L’Association nationale des chefs traditionnels, section du territoire de Fizi, a lancé, dimanche 8 mars, un appel fort en faveur du vivre-ensemble entre les différentes communautés de cette entité longtemps marquée par des tensions interethniques. Ce message a été porté lors de la clôture d’une grande réunion des autorités locales, organisée au chef-lieu du territoire, sous la présidence de l’administrateur du territoire de Fizi.
Durant deux jours, soit du 7 au 8 mars, chefs coutumiers, autorités administratives et membres du comité local de sécurité ont pris part à des assises sur le thème : « L’apport des chefs coutumiers dans la consolidation de la paix et la réconciliation intercommunautaire », une thématique centrale pour une région confrontée à des clivages persistants.
Au total, 4 chefs de secteurs, 18 chefs de groupements, ainsi que les responsables de 171 villages étaient présents.
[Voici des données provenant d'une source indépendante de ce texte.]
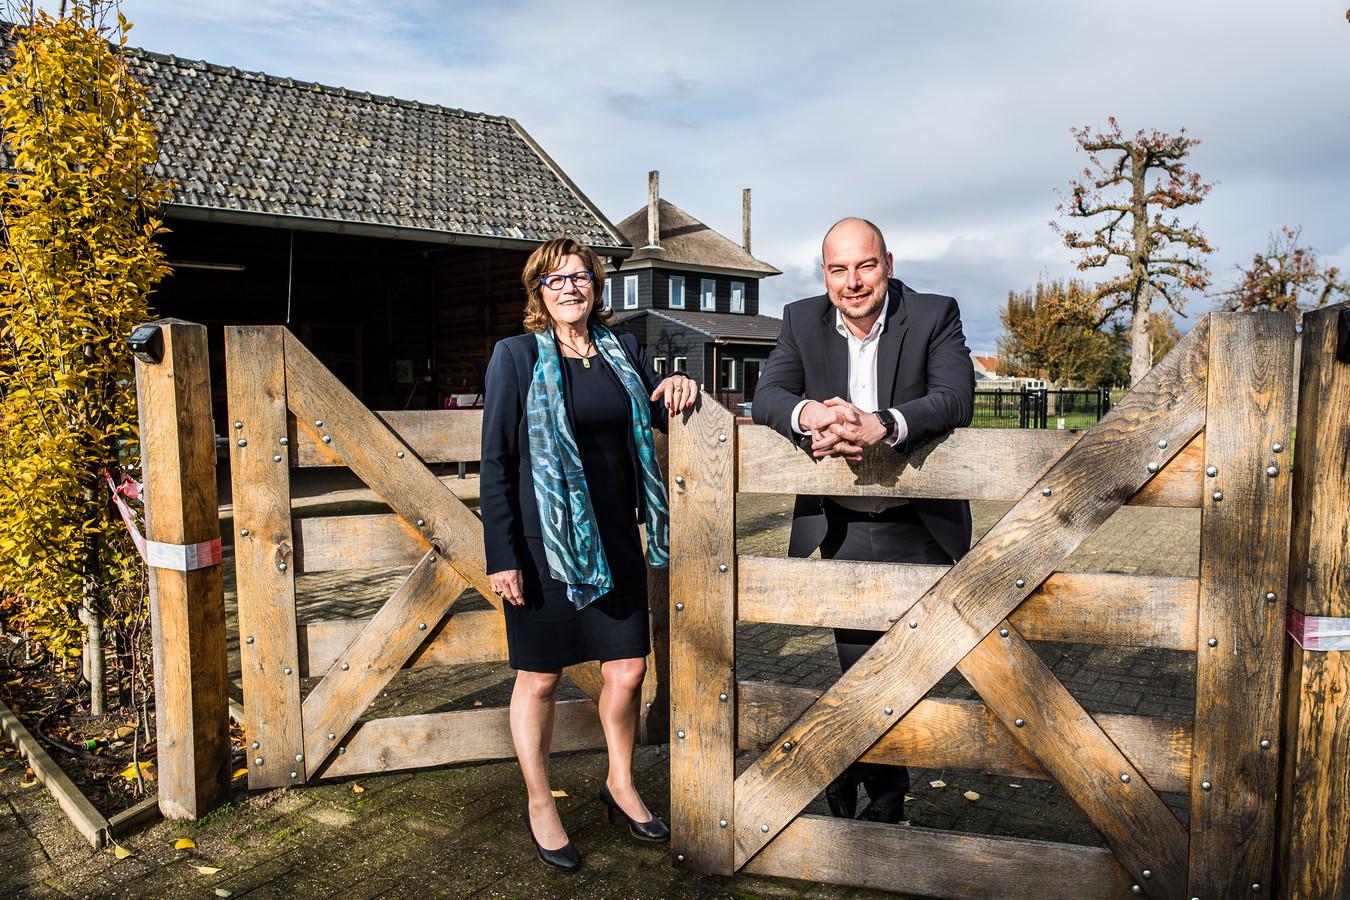 Thea Holtman en Alex Hesse bij De Boerderij in Gendt. Een van de locaties waar Albero zorg en dagbesteding biedt en de beide bestuurders ook kantoor houden.

Un monument de la paix a également été inauguré à cette occasion, symbole de l’engagement collectif en faveur de l’harmonie.
Les mariages intercommunautaires encouragés
Parmi les recommandations phares soutenues par l’administrateur du territoire figure la promotion des mariages intercommunautaires, considérés comme un levier concret pour cimenter les relations entre populations longtemps divisées.
Les autorités locales estiment que cette démarche contribuera à réduire les préjugés, favoriser la cohésion sociale et restaurer la confiance mutuelle.
« Les chefs coutumiers doivent être des artisans de la paix »
Samy Badibanga, administrateur du territoire de Fizi, a rappelé le rôle crucial des leaders coutumiers dans cette dynamique.
Il a déclaré :
« Cette rencontre était axée essentiellement sur la thématique de la consolidation de la paix et de la réconciliation intercommunautaire, gage de la cohabitation pacifique en cette période d’agression de notre territoire. (…) J’ai appelé les chefs coutumiers à être des artisans de la paix dans leurs entités respectives ».
Il a également insisté sur la nécessité pour toutes les communautés vivant à Fizi (Rega, Luba, Nyindu, Banyamulenge, Bembe, Fuliru, Bashi et Bajoba) de privilégier la paix et le dialogue.
Les participants espèrent que les résolutions issues de ces assises contribueront à restaurer durablement la stabilité et à renforcer la cohabitation entre les communautés.
Dans un contexte sécuritaire fragile, ces initiatives locales représentent un pas non négligeable vers une paix durable.